The team seemed to explode at the sound; and the buckboard shot away down the street. Burdick had a last glimpse of the older girl, one hand maintaining her hat upon her head, placing the other on the younger girl's arm in protest against this wild progress, but she was laughing as she did it. Then they were gone, leaving a gradually dispersing dustcloud along the street.
Burdick stood there a moment longer. The thought went through his mind: I must photograph that girl. He looked up to find the gunsmith, Deckerhoff, standing in the doorway watching him—a mountainous man with a round face and the clear blue eyes of a child. Burdick went up to him.
' 'Yes, sir," the big man said. "What would you have?"
"I'd like some twelve-gauge shotgun shells loaded with buckshot," Burdick said, "and a little information about this." He opened his coat, took the revolver from his waistband, and held it out. The gunsmith accepted it, and said, "Come inside." Burdick followed him into the shop, and waited while the big man examined the pistol by the light of a window. He looked up. "What did you want to know?" he asked. "This pistol have repaired once. It belonged then to a man named Hankey, working for the Flying V ranch. There is two dollars yet to be paid. He has sold it to you?" His voice was innocent; yet there was little doubt in Burdick's mind that the gunsmith knew perfectly well how he came to be carrying another man's weapon.
Burdick said, "It was more in the nature of a loan, I think. Is the gun any good?"
"Good? How good can a pistol be? Twenty-five, thirty, fifty yards at the most? That is shooting?" The gunsmith shrugged his massive shoulders. "For such a toy, it is all right."
Burdick hesitated. "Well, I suppose I'd be justified in keeping it, but I'd probably wind up shooting myself with it. Next time somebody from the ranch drops by, tell them to give it back to the owner.... How many children has Mr. Justice got, anyway?" He hoped the question sounded sufficiently casual.
"There is one boy, Tom," Deckerhoff said without hesitation. "Two girls, Miss Sally and Miss Janet, whom you just saw." He paused, and went on deliberately, "Miss Janet would make a fine shot if she would take the trouble to practice. She is an intelligent and careful young lady. Miss Sally loves guns more, but she is impatient; if the first bullet does not hit, she throws the weapon at the target. The boy, he is nothing. One of those pistol-crazy boys. Speed, speed, speed. One must get the piece out fast, fast, fast. He has already killed one man in a fight about nothing, and he thinks this proves him dangerous. He will learn better, if he jives. A man is dangerous in his head, I try to tell him, and in his heart, not in his hand and triggerfinger. But he is young and will not listen." Deckerhoff frowned at the pistol he was holding and laid' it aside. "l will send this back for you," he said. "Here are your shotgun shells."

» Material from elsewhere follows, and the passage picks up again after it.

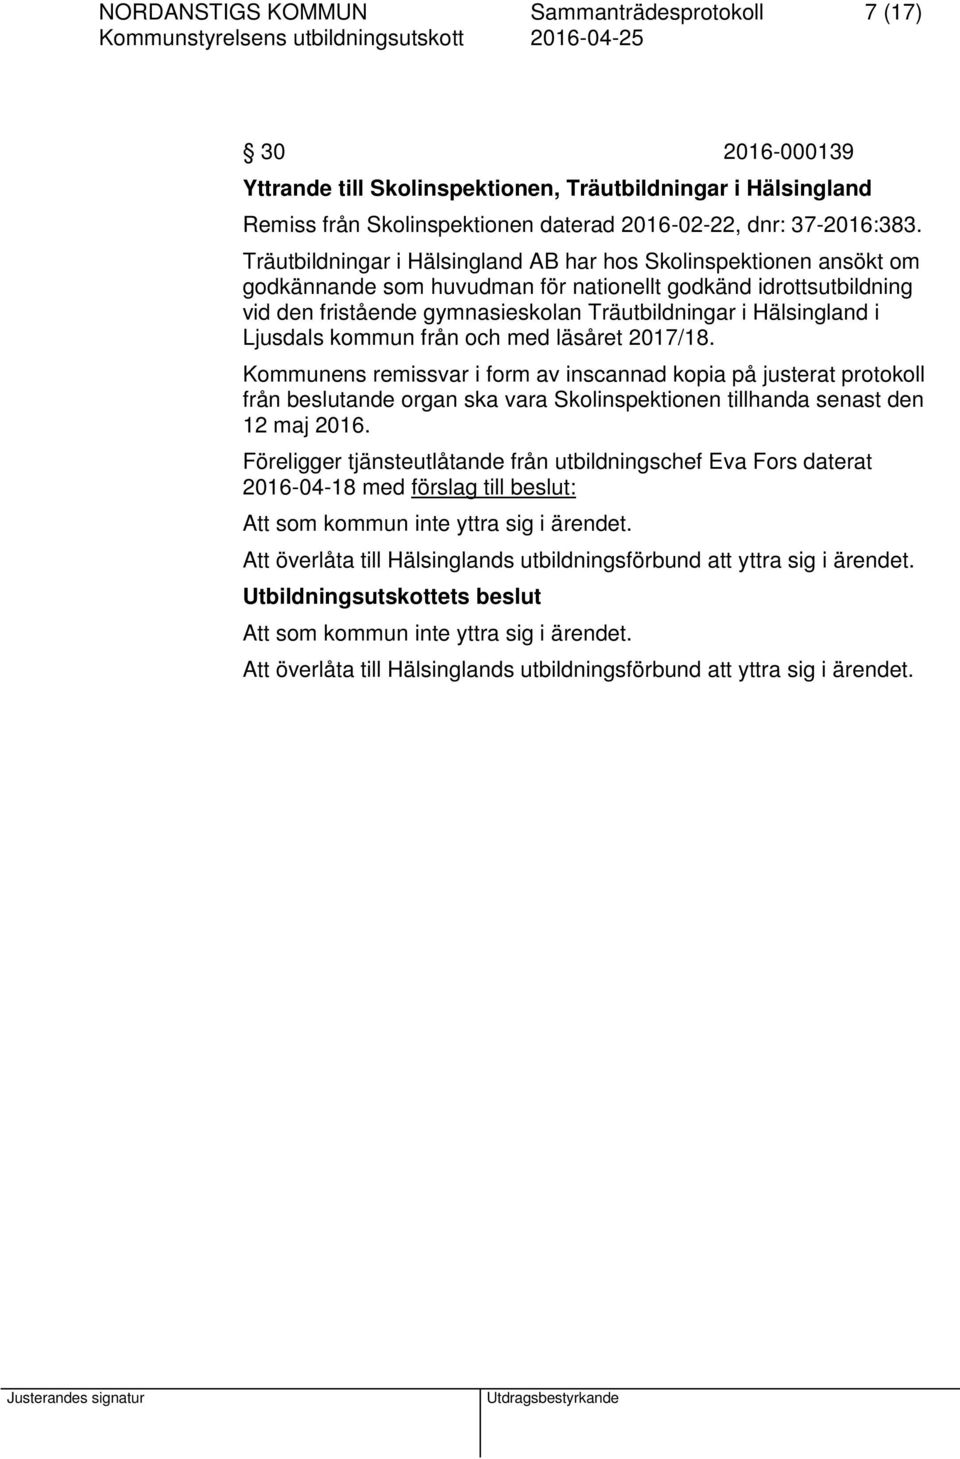 Ljusdals kommun från och med läsåret 2017/18. Kommunens remissvar i form av inscannad kopia på justerat protokoll från beslutande organ ska vara Skolinspektionen tillhanda senast den 12 maj 2016.

Burdick made no move to take them. "Do you know Mr. Justice well?" he asked.
"He comes here," the big man said neutrally. "He has some fine weapons. He takes good care of them." Without a change of expression, he went on, "He does not leave a beautiful gun with fouling in the bore."
Burdick glanced down guiltily. "I haven't had a chance to clean it yet."
"So they all say, when they bring me their pitted barrels. 'I didn't have a chance to clean it, can you fix it, Deckerhoff?' Who can put back metal that is corroded away? Give it to me, Mr. Burdick. I will clean it."
"You know my name?"
The gunsmith smiled. The expression had neither warmth nor malice. "There are few in this town tonight who do not know you, Mr. Burdick. You are the crazy easterner who faced down Jack Mort and sent Pete Hankey back to Flying V with birdshot in his britches. A brave man, some say. A fool and a dead man, say others. Give me the gun, Mr. Burdick. I take no part in these things. A man is a big target and easy to kill; and I have done my fighting. But I cannot. see a beautiful piece abused. Wait here, this will only take a minute."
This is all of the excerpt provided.